Будучи послом СССР в США в 1941—1943 гг., Литвинов находил­ся «под колпаком» советского резидента. В донесениях резидента в Москву о настроениях Литвинова сообщалось, что он был и остал­ся противником советско-германского договора о ненападении 1939 г.50 В другом сообщении говорилось о том, что Литвинов рас­ценивает смещение И. М. Майского с поста советского посла в Лон­доне в 1943 г. как сигнал к ухудшению отношений с союзниками и как предрешение его собственной судьбы51. Содержание книги вос­поминаний Литвинова «Notes for a Journal» («Записки для дневни­ка»), сигнальный экземпляр которой был добыт советской резиден-турой в Лондоне в июле 1955 г., еще до выпуска тиража книги, КГБ СССР расценило как «антисоветское»52.

Допустим, оценка Литвиновым, этим, по выражению У. Таубме- . на, «первым крупным диссидентом послевоенного времени»53, осо­бой ответственности Советского Союза за возникновение холодной войны грешит преувеличением.
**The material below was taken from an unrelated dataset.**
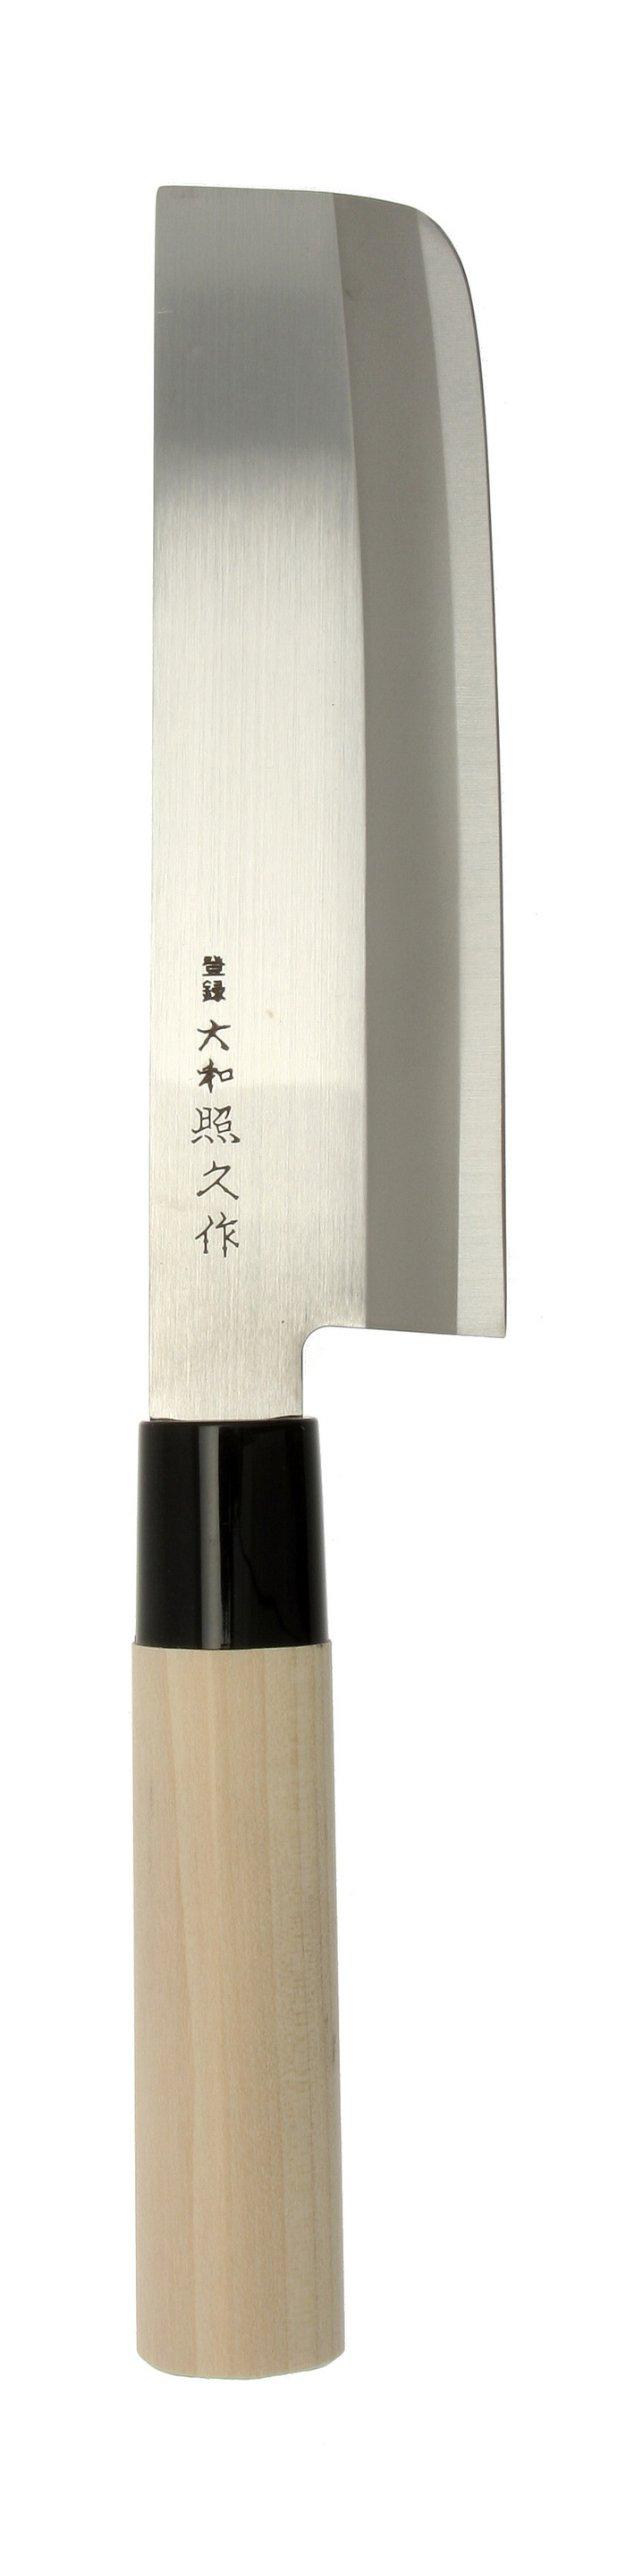 Kotobuki Teruhisa Nakiri Japanese Kitchen Knife by Kotobuki

Но чем объяснить то, что с Литви­новым в этом принципиальнейшем вопросе согласен, причем без каких-либо оговорок, его идейно-политический противник Молотов?

Вот как последний откровенничал с Чуевым относительно под­линных причин холодной войны. «Ну что такое холодная война? — задавался вопросом Молотов в ноябре 1974 г. и сам же отвечал на него: — Обостренные отношения. Все это просто от них (стран За­пада. — Д. Н.) зависит или потому, что мы наступали. Они, конеч­но, против нас ожесточились, а нам надо было закрепить то, что завоевано. Из части Германии сделать свою социалистическую Гер­манию, а Чехословакия, Польша, Венгрия, Югославия — они тоже были в жидком состоянии, надо было везде наводить порядки. Вот холодная война»54.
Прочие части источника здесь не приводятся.